In 1950, three “cottages” for boys (named, Olomana, Kaʻala and Maunawili) were built on the makai side of Kalanianaʻole Highway from the girls’ Kawailoa Training School in Kailua. Then, all operations at the Waialeʻe Training School for Boys (111-boys and 45-staff members – the entire population from Waialeʻe) transferred to the new facility and the name changed to the Koʻolau Boys Home.
In 1961, all operations came under a combined administrative unit (including housing both male and female youths) with a new name, the Hawaiʻi Youth Correctional Facility (HYCF,) a branch of the Corrections Division of the reorganized Department of Social Services and Housing.
HYCF is the state’s sole juvenile facility. It’s comprised of two separate facilities with three housing units: two boys’ housing units and a girls’ housing unit (with certain exceptions, HYCF houses boys confined for long terms at the main secure custody facility (“SCF.”)
The SCF is comprised of a central courtyard surrounded by three housing modules, with ten cells and a common area in each module, a school, a gymnasium, kitchen facilities, offices for administrative and medical staff, and two isolation cells.

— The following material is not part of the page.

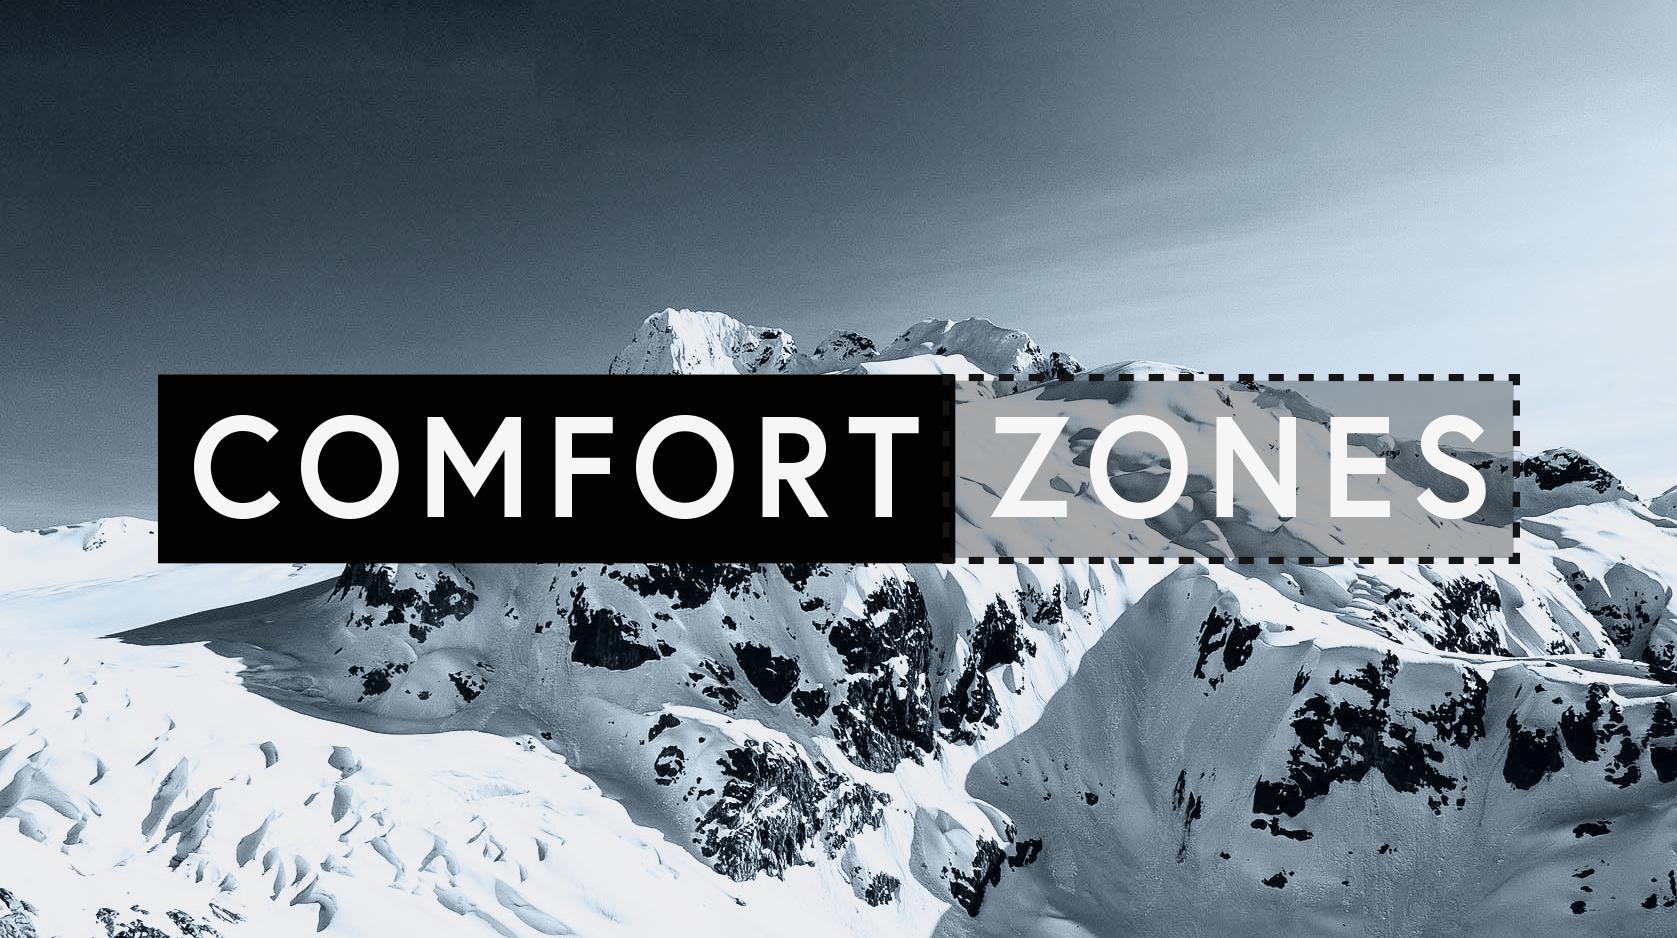 Comfortzones helbild.jpg

The Olomana School, Olomana Hale Hoʻomalu and Olomana Youth Center were established since 1985 and provide support services to alienated students throughout the State of Hawaiʻi.
Olomana School (operated by the DOE) offers three main educational programs: incarcerated youth are served at HYCF; the Olomana Hale Hoʻomalu program is to provide educational and support services to students who are temporarily confined to the juvenile detention facility; and The Olomana Youth Center serves at-risk students from Windward Oahu’s secondary schools and also HYCF students who are in transit.
Due to the pending litigation in 1991 against the State regarding conditions of confinement for women, the temporary Women’s Community Correctional Center (in what was the Koʻolau Boys Home on the makai side of the highway) was remodeled and completed in 1994 as the State’s primary women’s all-custody facility.
Women’s Community Correctional Center (WCCC) is the only women’s prison in Hawaii. It also serves the needs of pre-trial and sentenced female offenders. The facility houses female offenders who are of maximum, medium and minimum custody levels.
The facility is comprised of four (4) structures; Olomana, Kaala, Maunawili and Ahiki Cottages. Every cottage operates in accordance with specific programs and classification levels. WCCC also offers a 50-bed gender responsive, substance abuse therapeutic community called Ke Alaula. (Lots of information here from reports from the Auditor, Center on Juvenile and Criminal Justice, Office of Youth Services and NPS.)